Every Sunday she cries, and every Sunday I do the only thing I can. I hold her with my right arm, and I hold the hymnal in my left hand, though by that point the book is useless, as we are both crying too hard to sing.

When the music stops we can sit again, and collect ourselves. She opens her canvas bag and searches for the pack of tissues inside. After three weeks I buy a handkerchief and carry it in my pocket on Sunday mornings.

We dry our eyes and blow our noses during the sermon. If I haven’t completely soaked the handkerchief, there’s always the Communion. Once a month the small congregation gathers in a circle at the altar, and Communion wafers are passed, followed by a chalice of grape juice. My mother often chokes on the wafer; her swallowing muscles have weakened, but she’s too determined to call it quits on the body of Christ. Let it dissolve on your tongue, I whisper to her, but even that becomes risky. She tries to wait until we’re back in the pew before spitting it out into the handkerchief.

The parishioners are good sports. They notice the tears and the choking and the spit, but look away politely. Sometimes after a service one of them will come up to me, hold my hand between theirs and say “You’re a good son.”

I know they mean well.

One day during the sermon she opens her bag, fishes around inside, then pulls out a pen and her pad of paper. She grasps the pen as well as she can, places the tip against the paper, and scrawls something there. I pretend to pay attention to the sermon, but wonder what she’s up to.

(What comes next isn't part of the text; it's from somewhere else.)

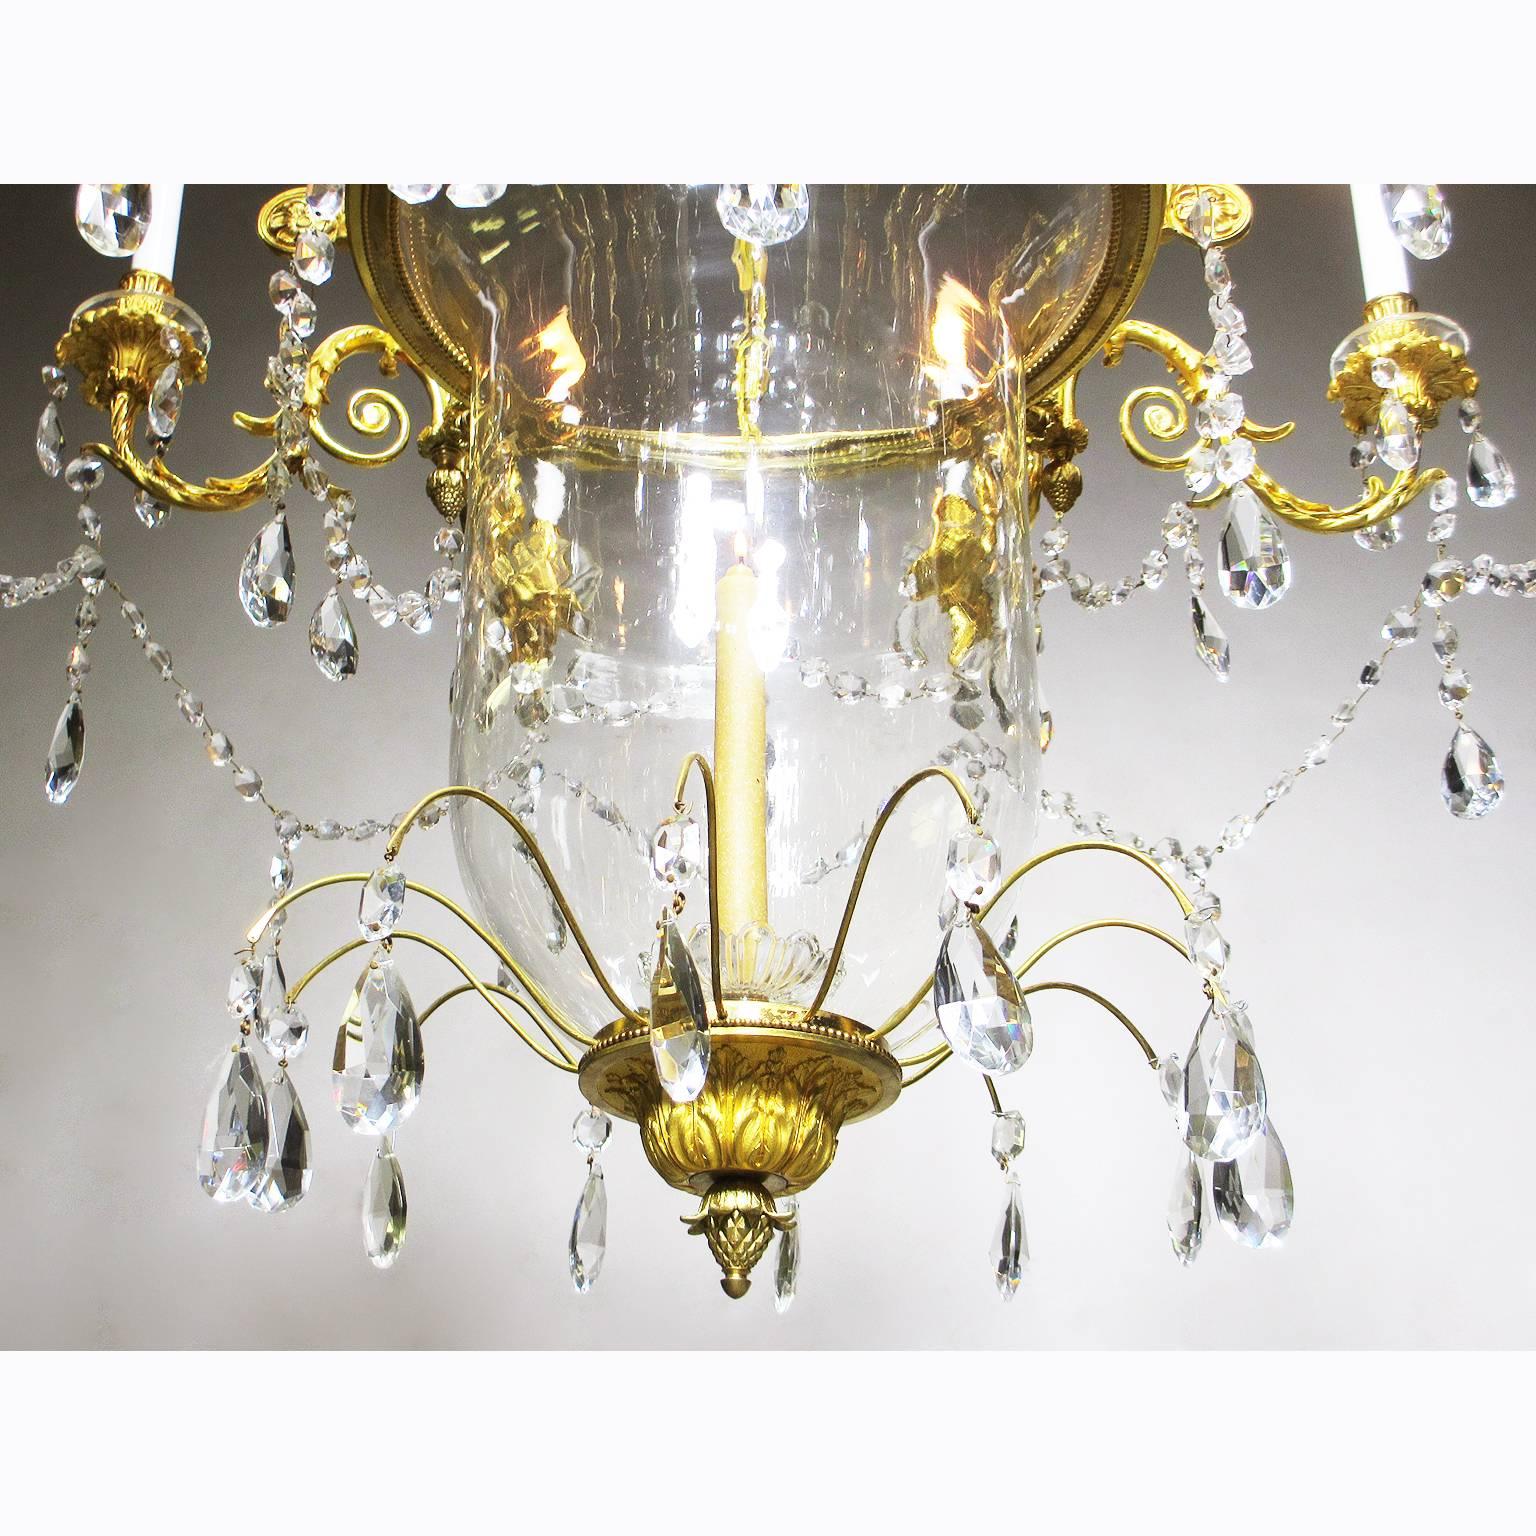 A very fine and rare French 19th century Louis XV style ormolu-mounted and cut-glass eight-light chandelier with a suspended bell-shaped blown-glass candle-bowl, by Mottheau et Fils, Paris. The circular finely chased gilt bronze frame, in satin and

She finishes writing, then turns the pad to me.

I’m afraid I won’t get into heaven, it says.

I swallow and blink. I read it twice before I breathe again. Then I turn to her.

“I’m not,” I say.

Later that night, after dinner, she comes up the stairs from the basement, something in her hand. She laughs silently, mouth open, eyes shining. She hands me the handkerchief, laundered and folded into a square.